Photo courtesy of the Venetian Centre for Baroque Music

Both concerts featured extraordinary voices and musicianship, and some pieces by Monteverdi, of course. But the revelation for me were the pieces by other composers of the era who were active in Venice, such as, to give just one example, Benedetto Ferrari (1604-1681). Recordings of whose work, I discovered the next day with chagrin, seem quite difficult to find (except insofar as one of his duets was partly or wholly incorporated into the final duet of Monteverdi's opera L'Incoronazione di Poppea).

So impressed was I by Bel Ayre, in fact, that I was hoping to see them the very next night at Ca' Zenobio. They were playing an entirely different set of works (enticingly entitled Chi Vol Vedar Venezia Vera--"Whoever Wants to See the Real Venice"), but I didn't make it. Both concerts we attended though were so entirely captivating that we hope to see more of the Centre's series.
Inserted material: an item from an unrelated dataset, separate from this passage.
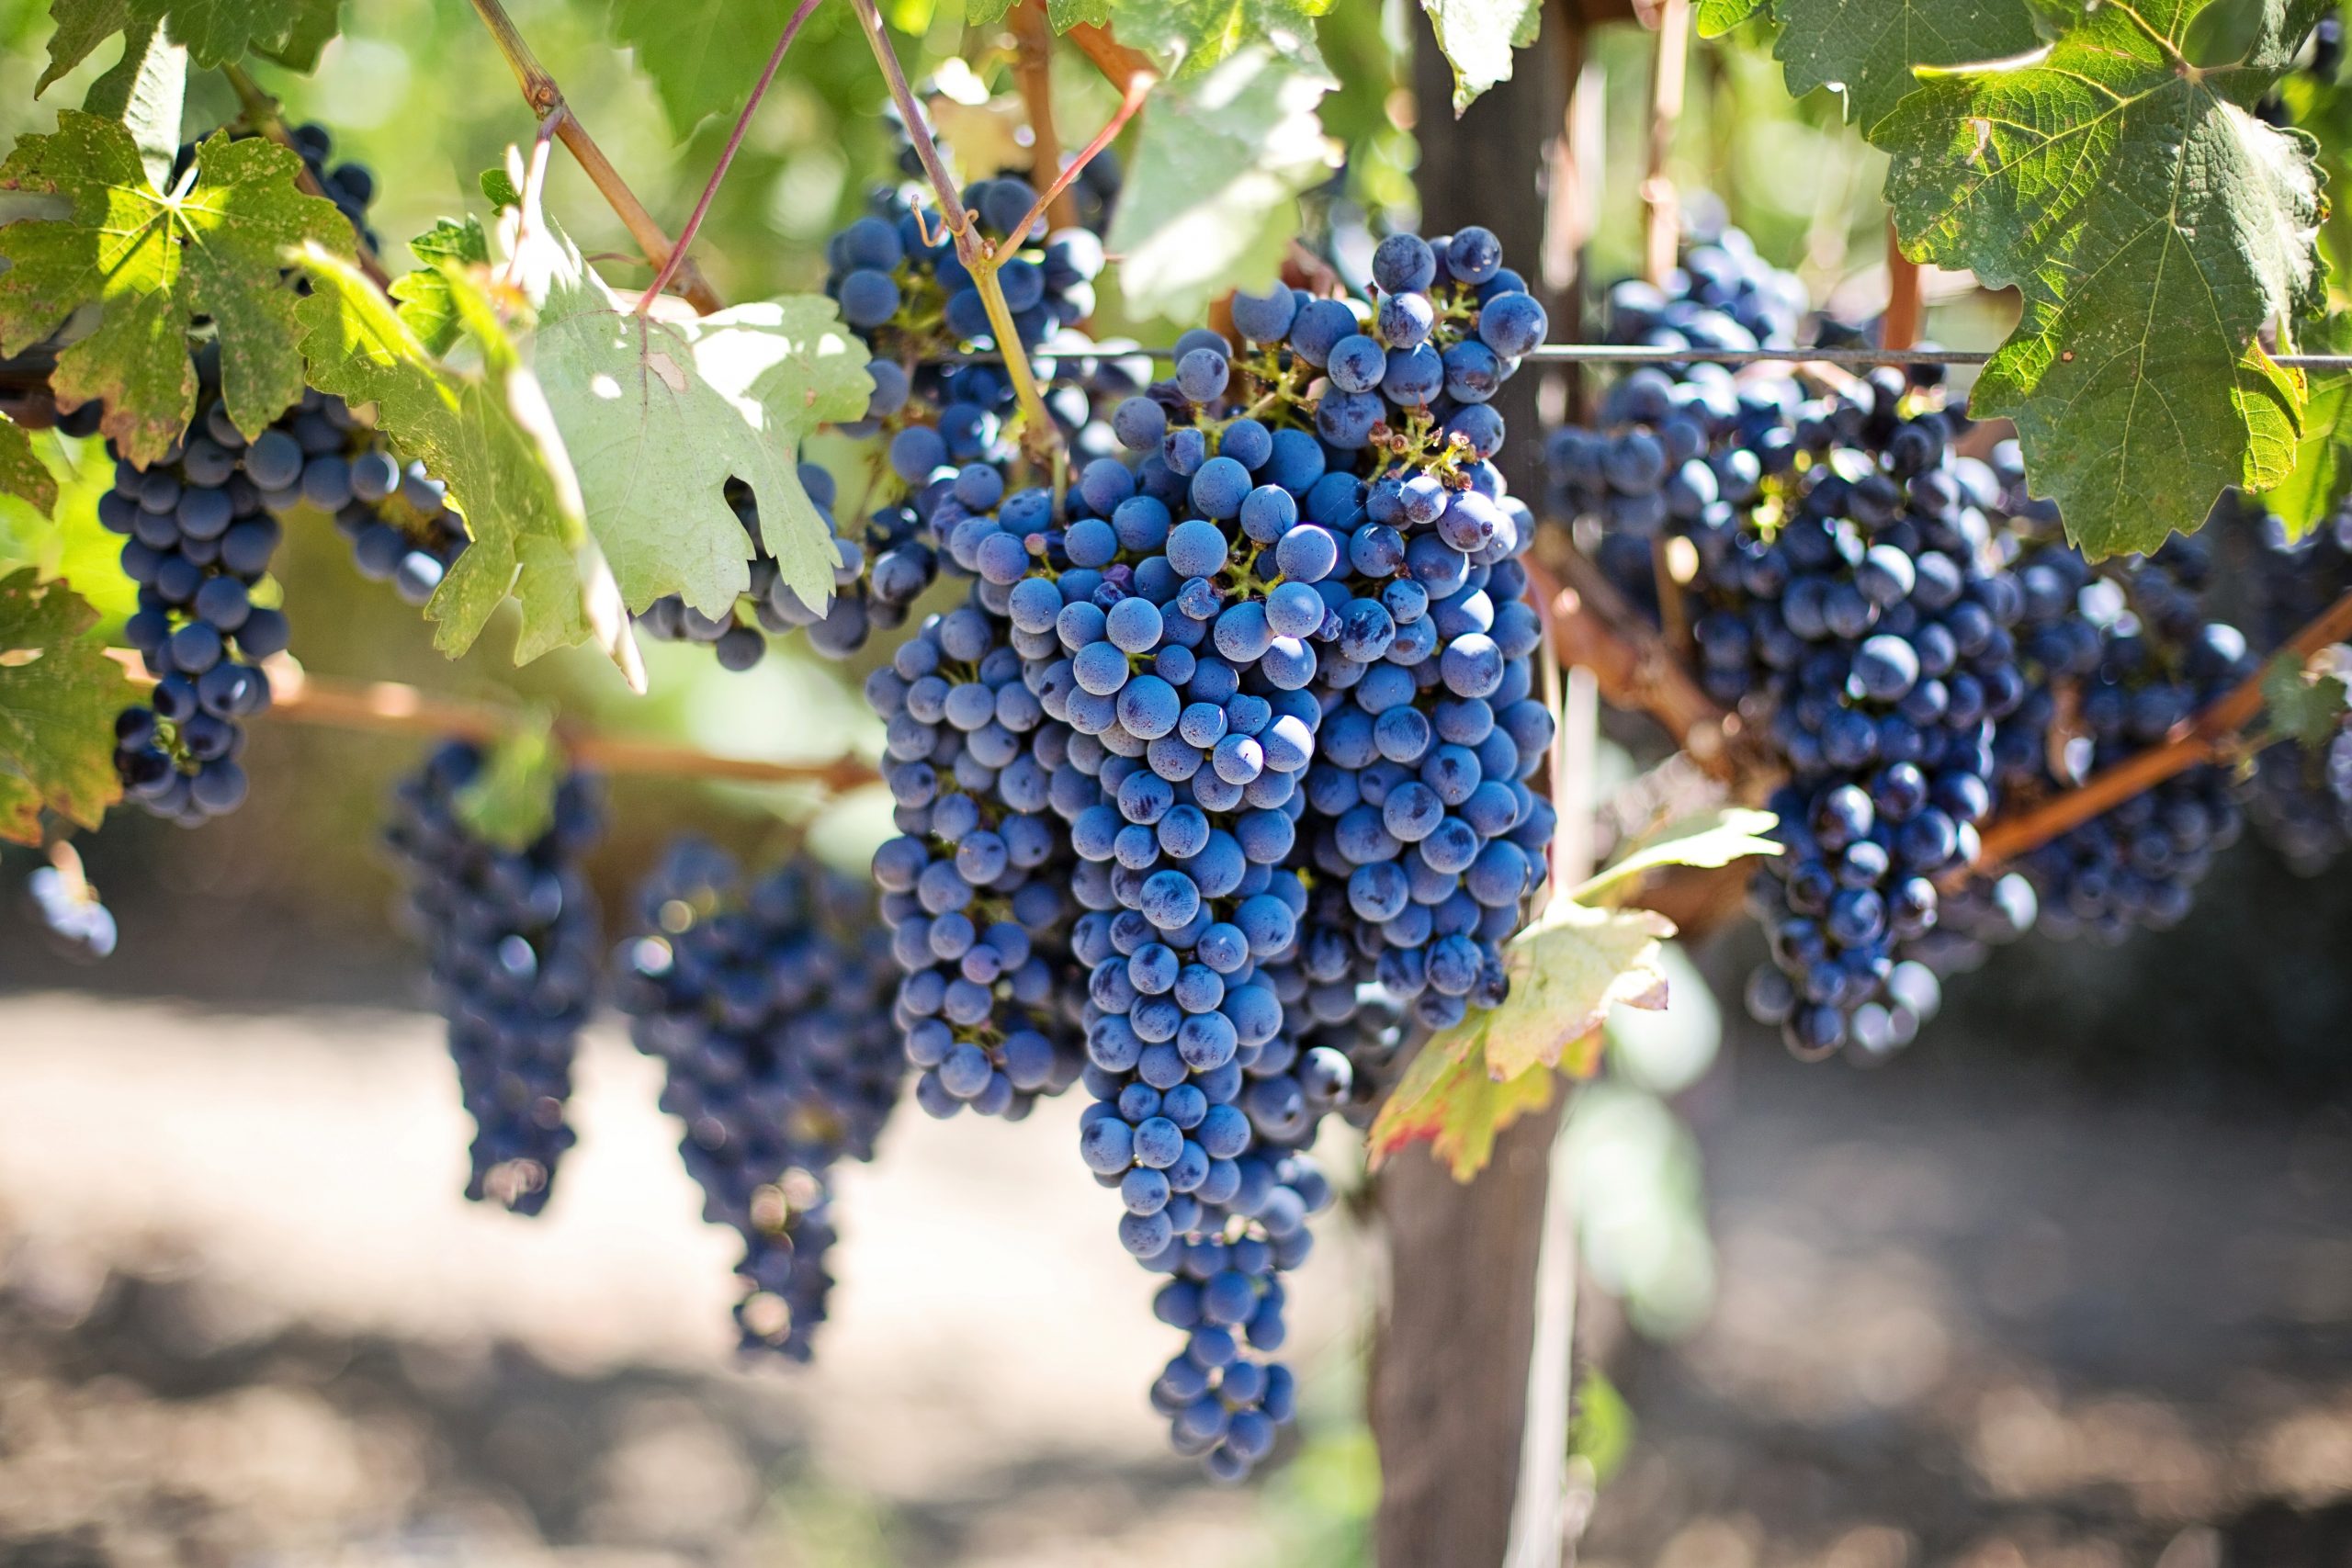 This Is What Happens To Your Body If You Eat Grapes Every Day For One Month
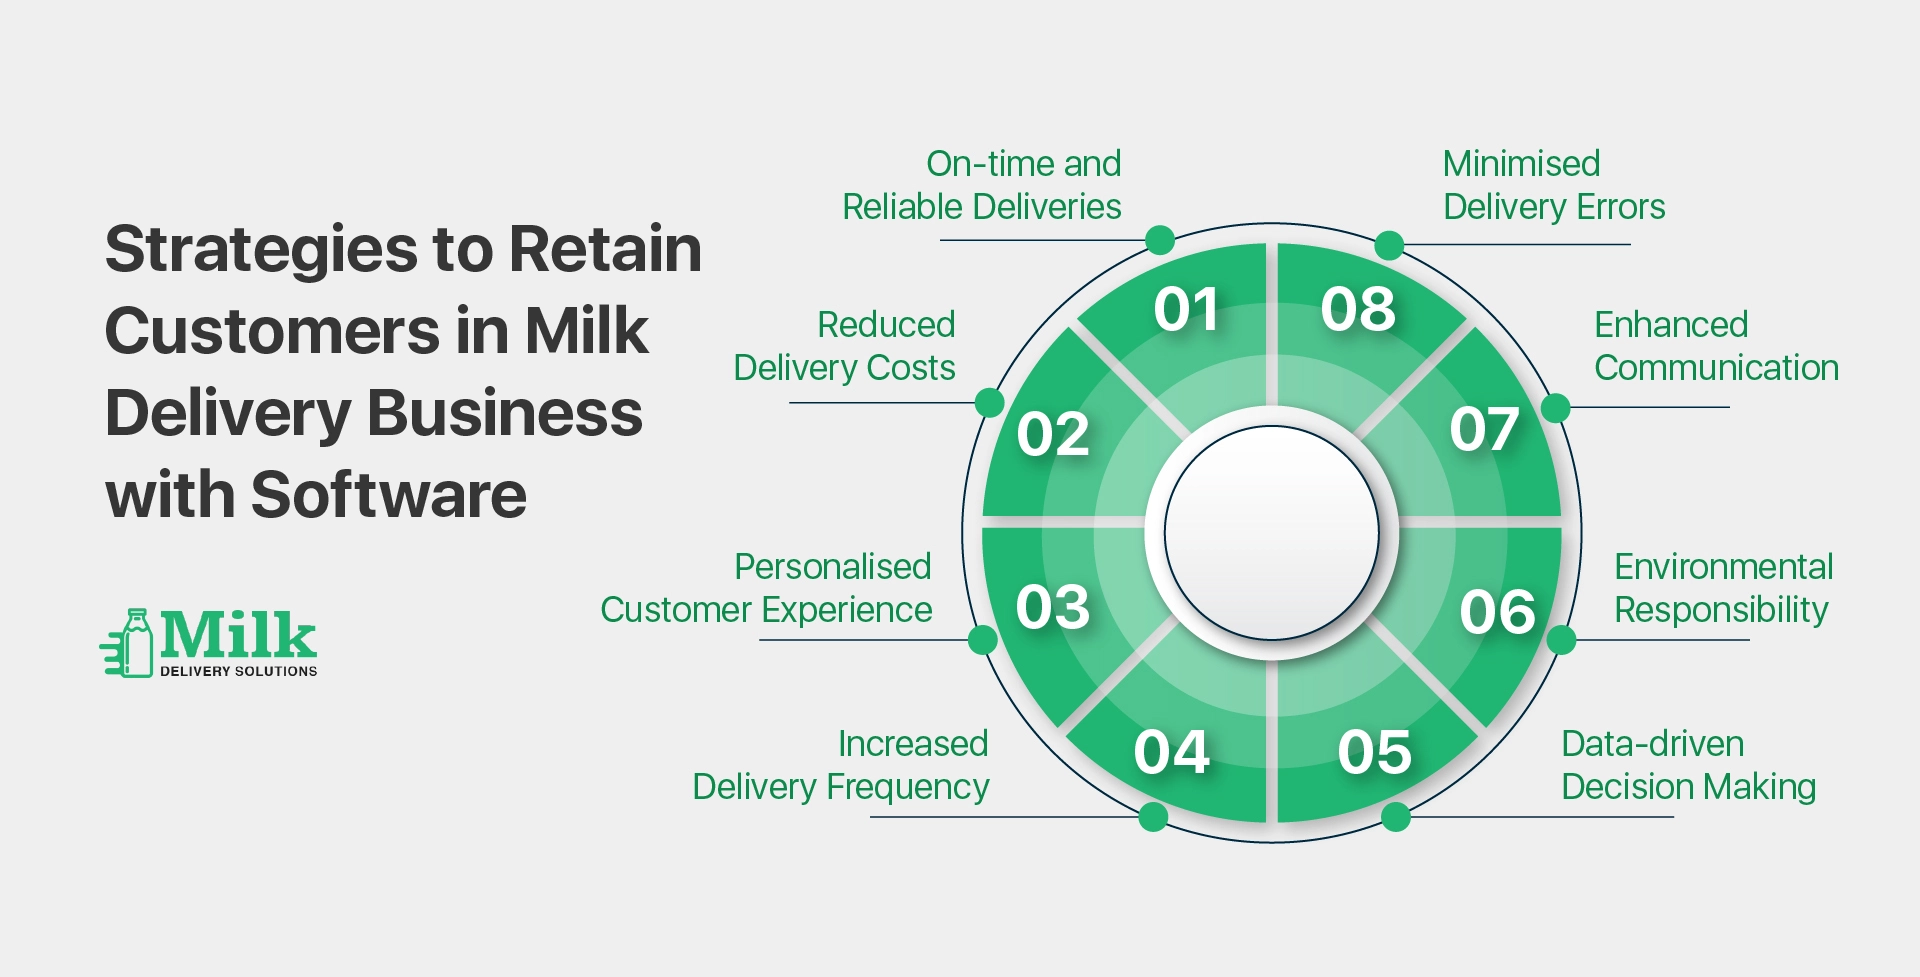 ravi garg, mds, strategies, retain customers, milk delivery business, software, on-time deliveries, delivery costs, customer experience, environmental responsibilities, data driven decision

The last concert of the summer takes place tonight in Teatro La Fenice. But the series begins again on September 3. The link that follows will take you to ticket information and a full listing of their forthcoming concerts: http://www.vcbm.it/en/page/ticket-office

For more information on the Centre's cultural aims and much else: http://www.vcbm.it/en/page/presentation.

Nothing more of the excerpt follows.